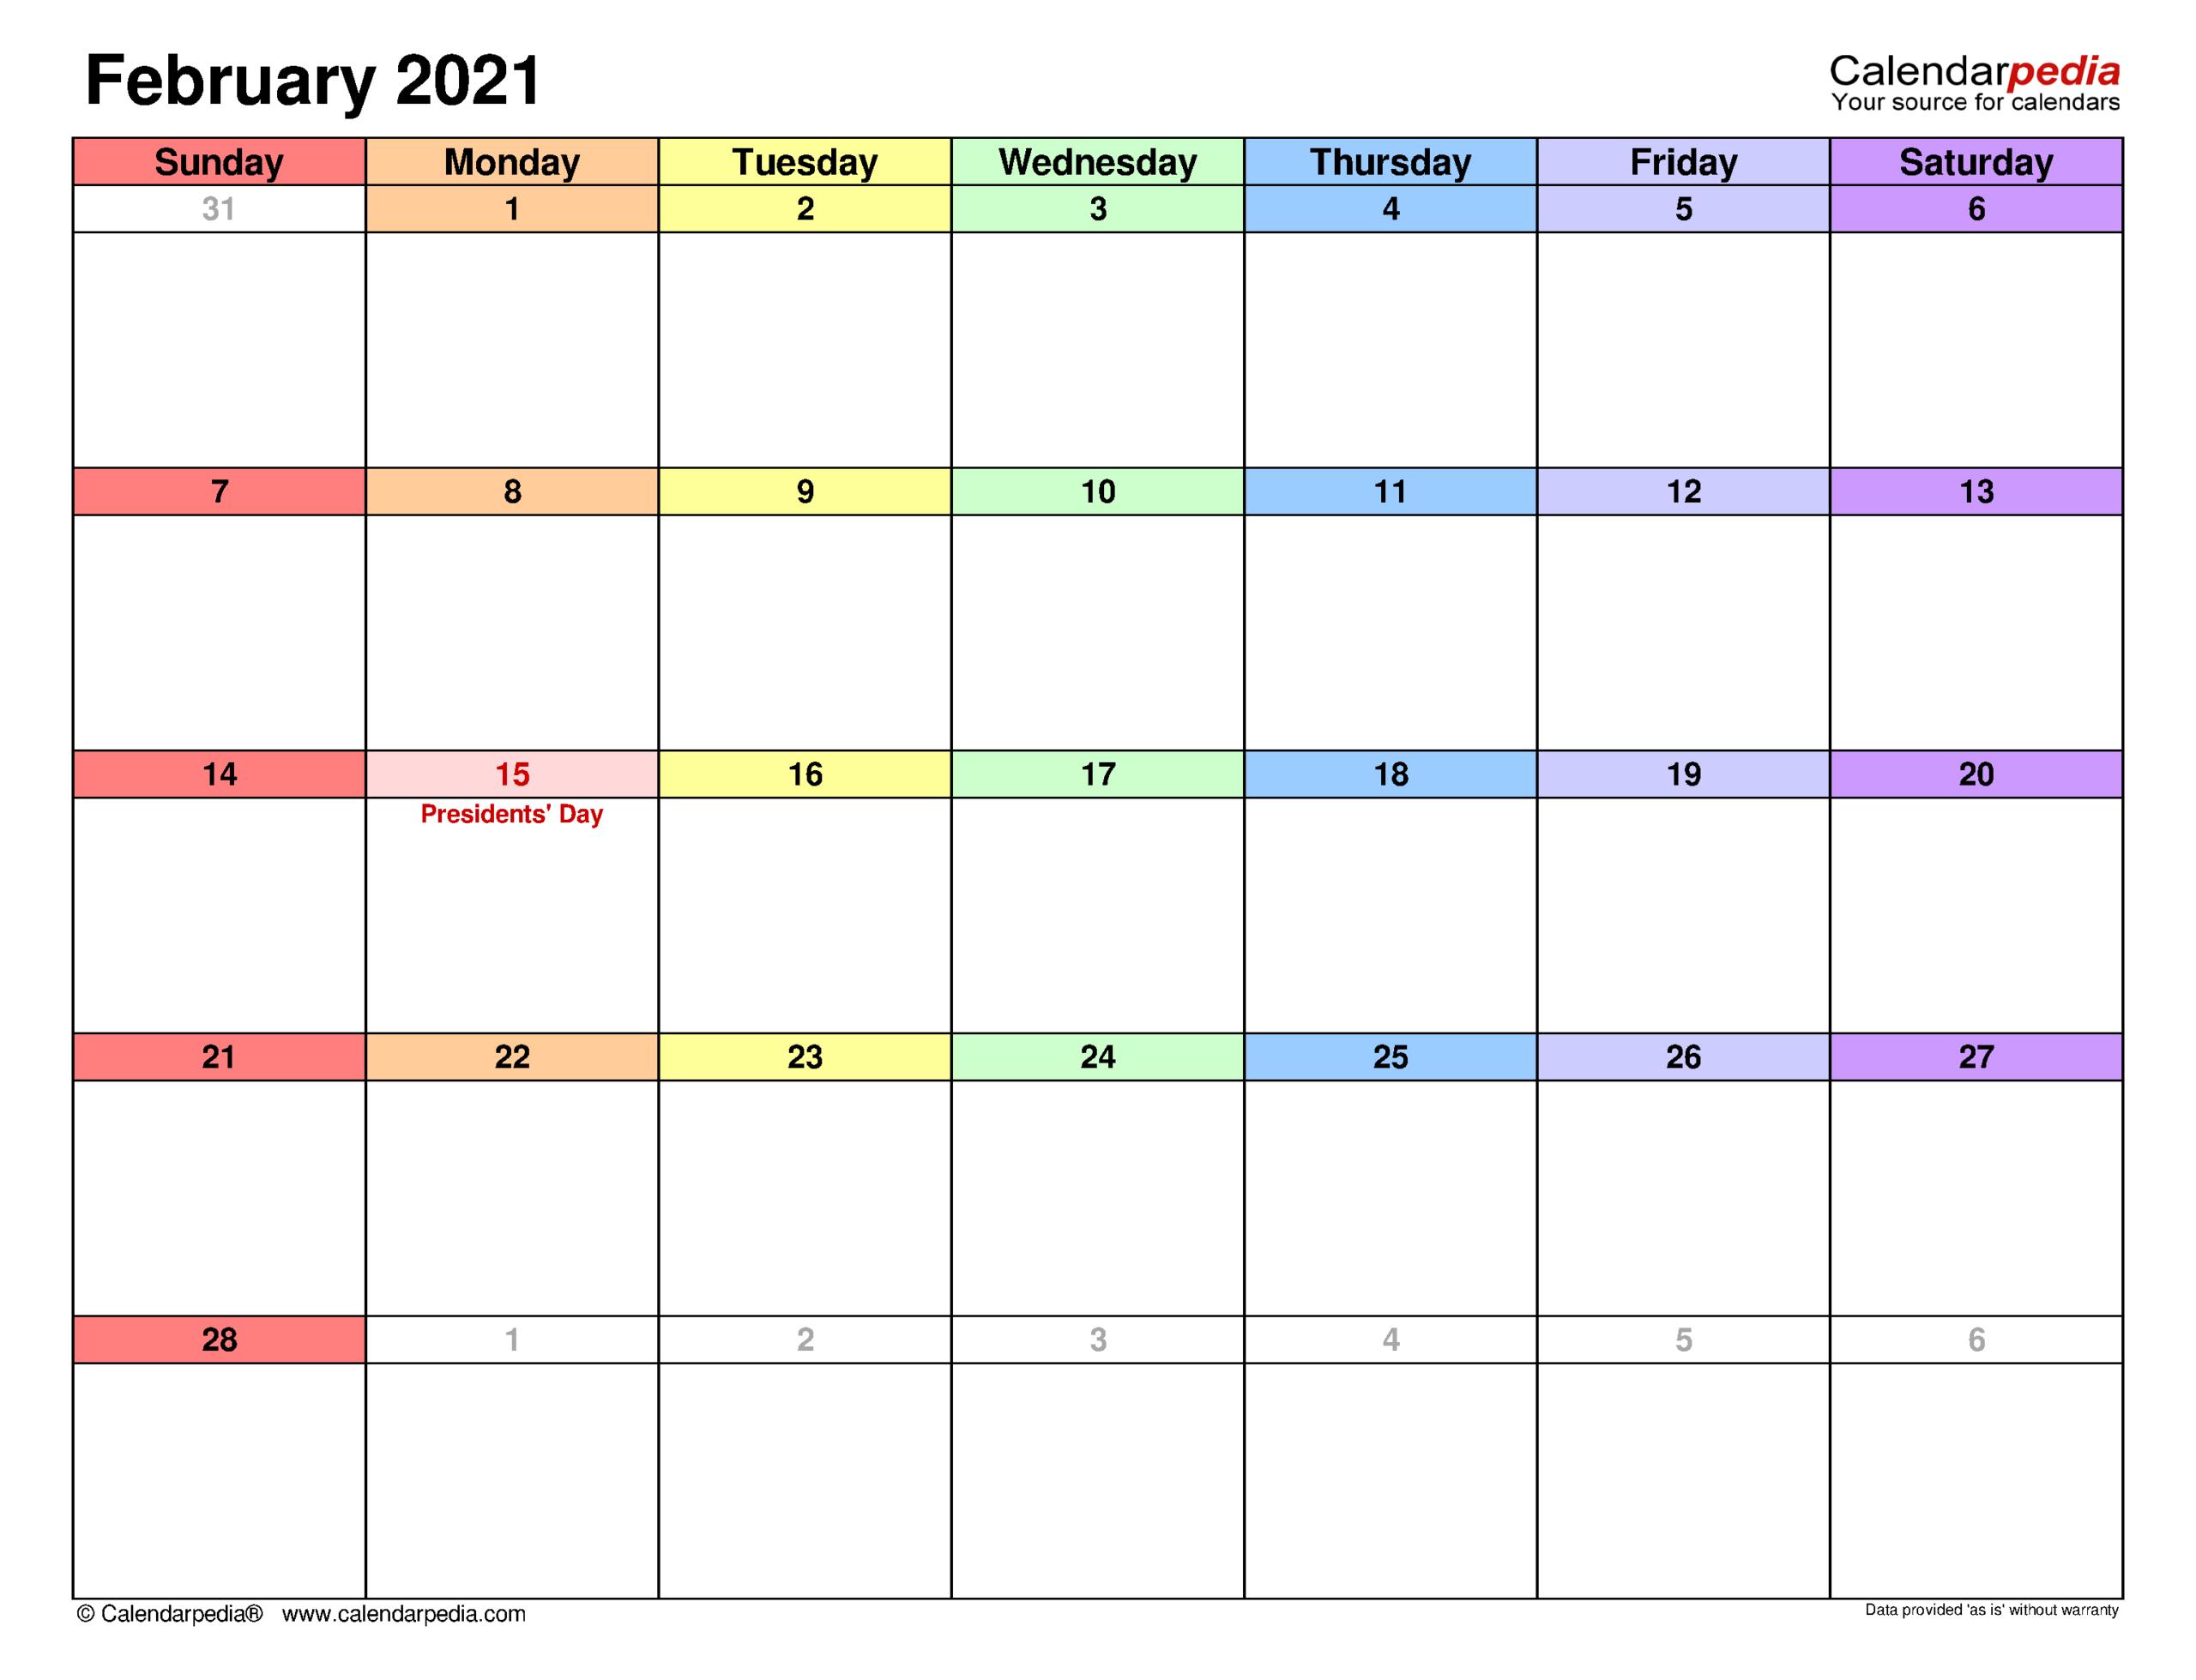 February 2021 Calendar   Templates For Word, Excel And Pdf  February 2021 Calendar
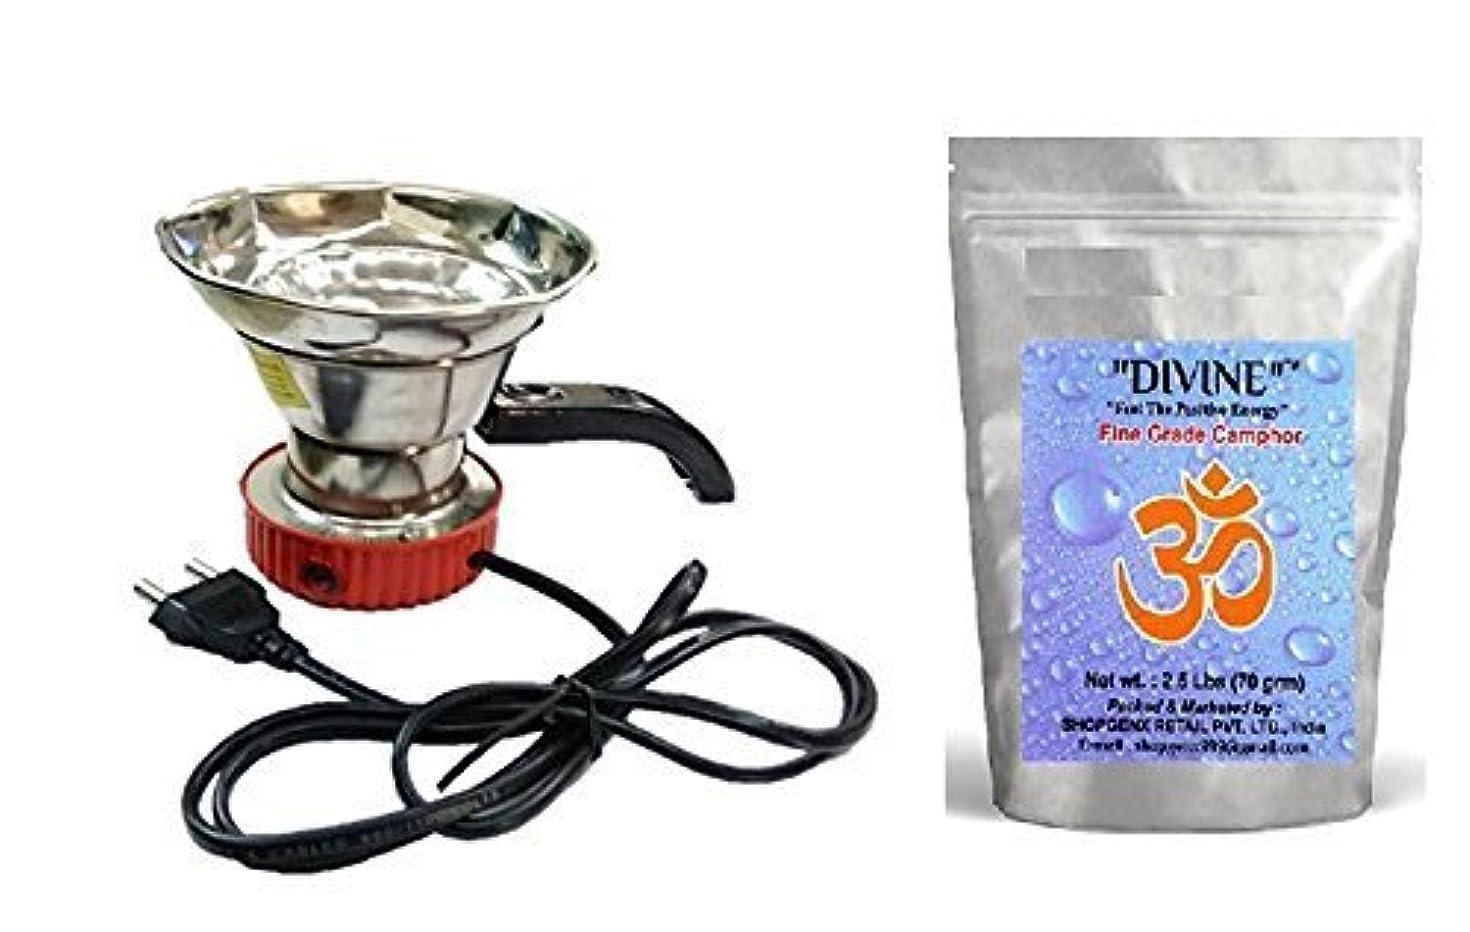 メニュー謙虚な探すElectric Dhoop Dani Incense Burner 12 cm Free 70 GM Camphor For Positive Energy
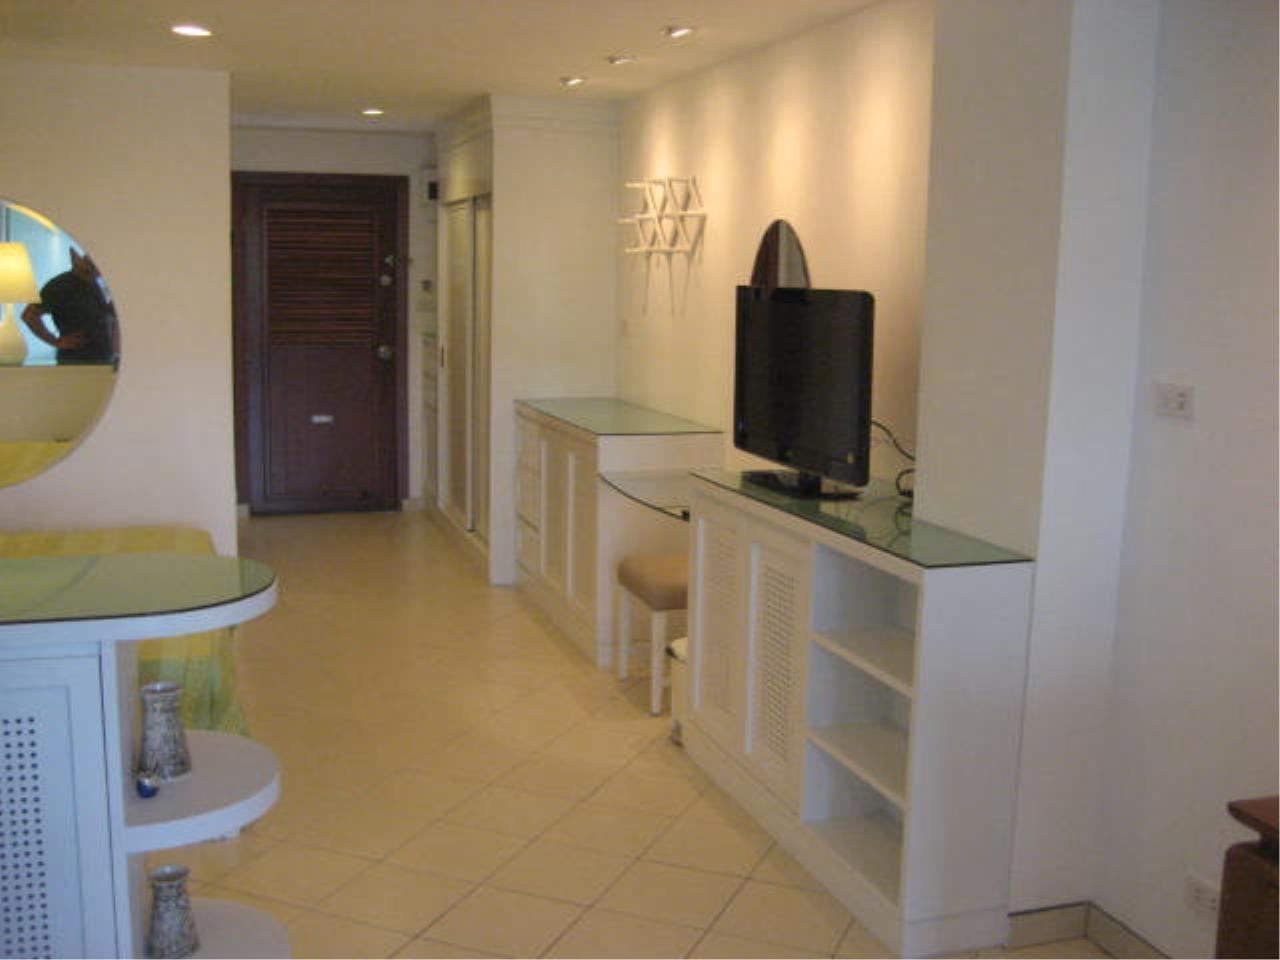 REAL Phuket  Agency's Phuket Palace - Investment Opportunity - 8% ROI 23
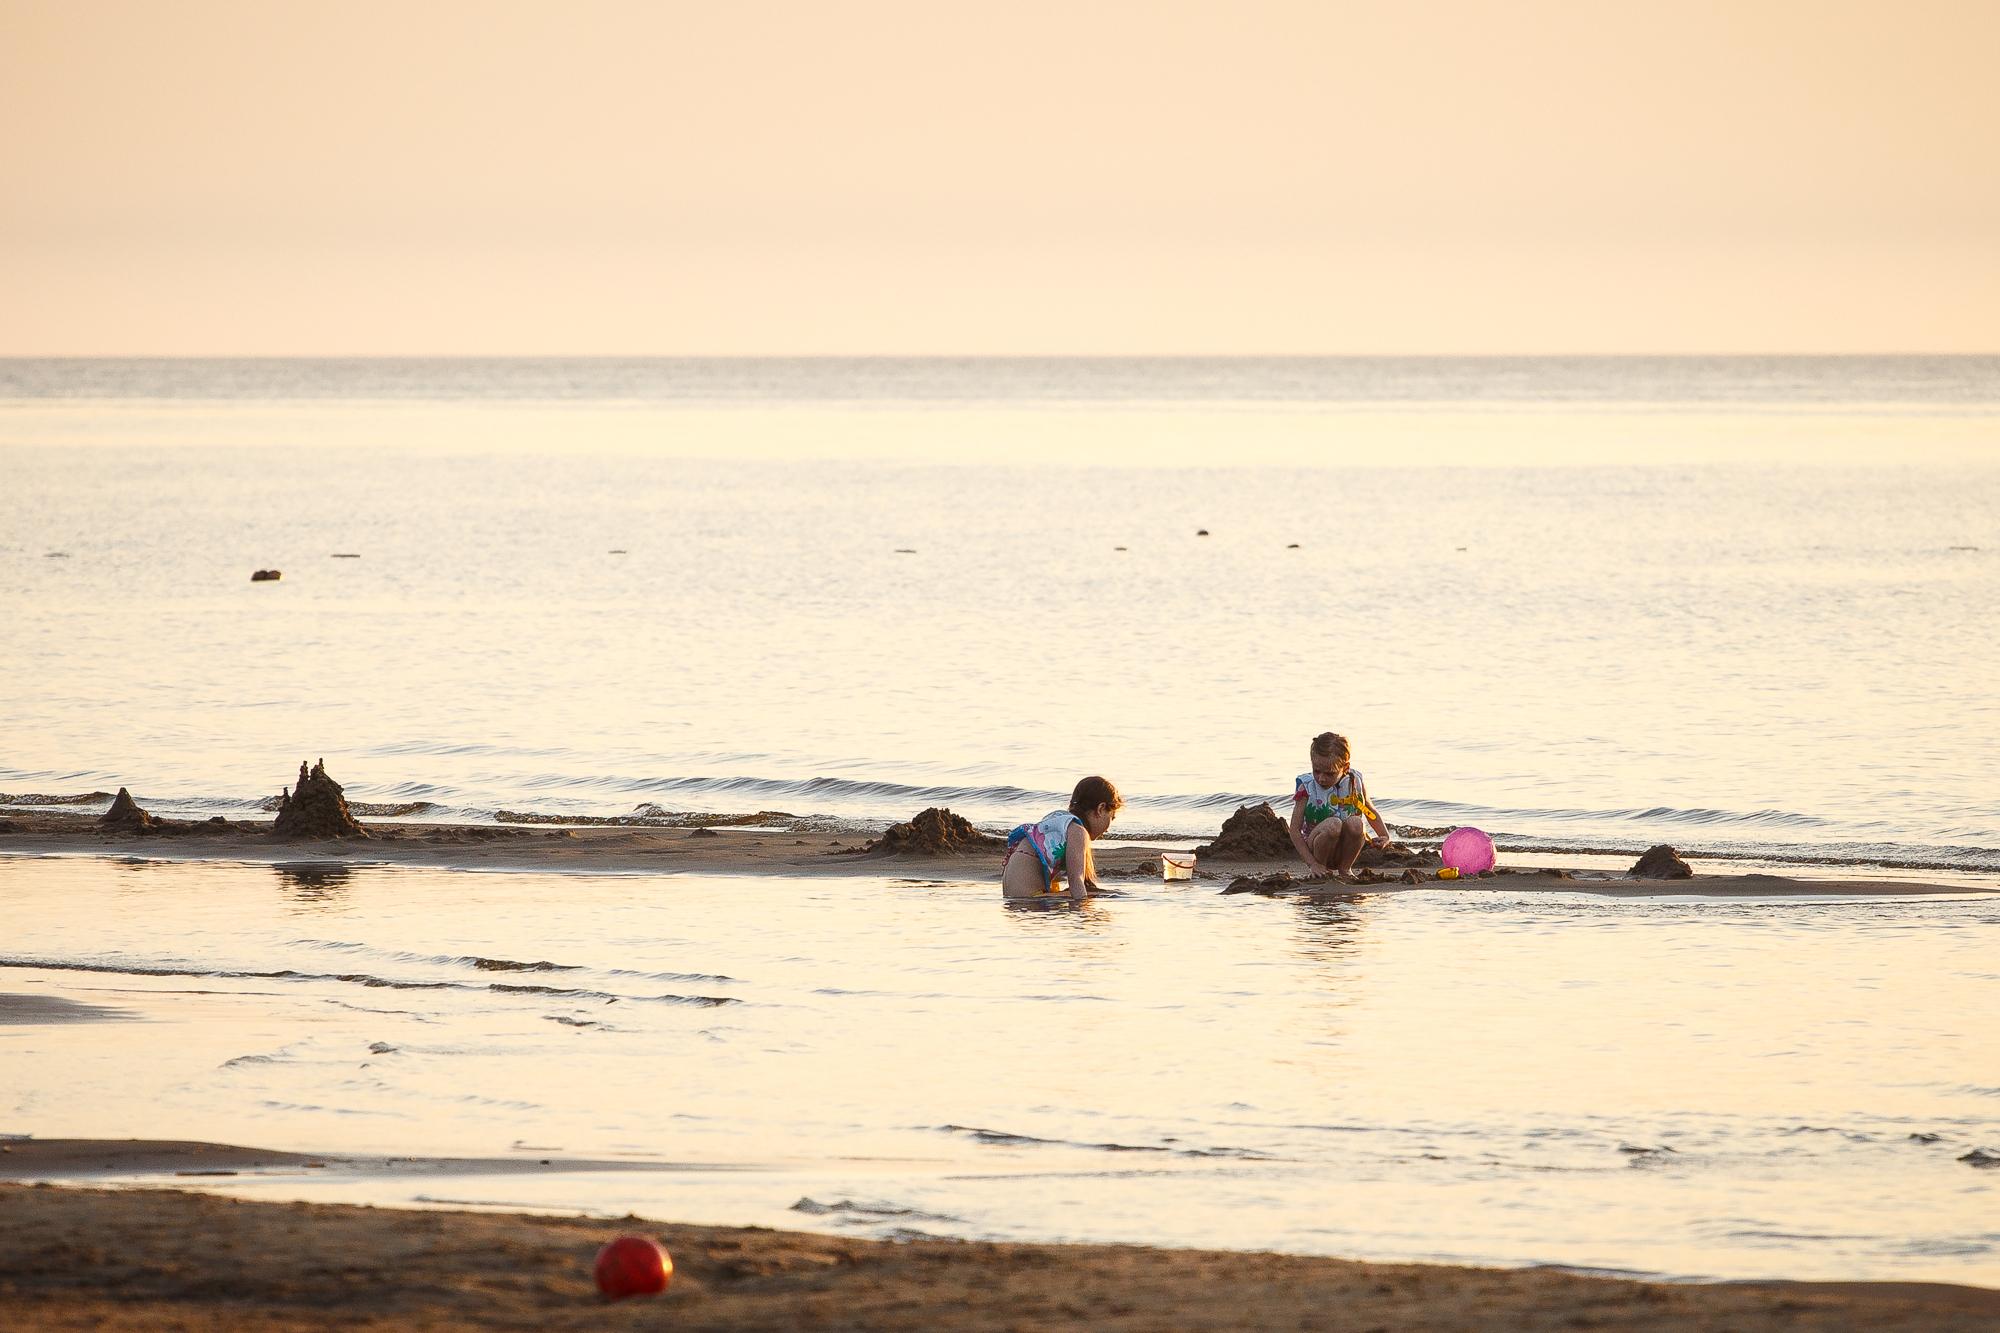 Playing At Sea Via @Atisgailis
——
Leave out the pictures and set down all of the data exactly.

ANSWER TO THIS EXERCISE =>
 February 2021 Calendar   Templates For Word, Excel And Pdf  February 2021 Calendar
 メニュー謙虚な探すElectric Dhoop Dani Incense Burner 12 cm Free 70 GM Camphor For Positive Energy
 REAL Phuket  Agency's Phuket Palace - Investment Opportunity - 8% ROI 23
 Playing At Sea Via @Atisgailis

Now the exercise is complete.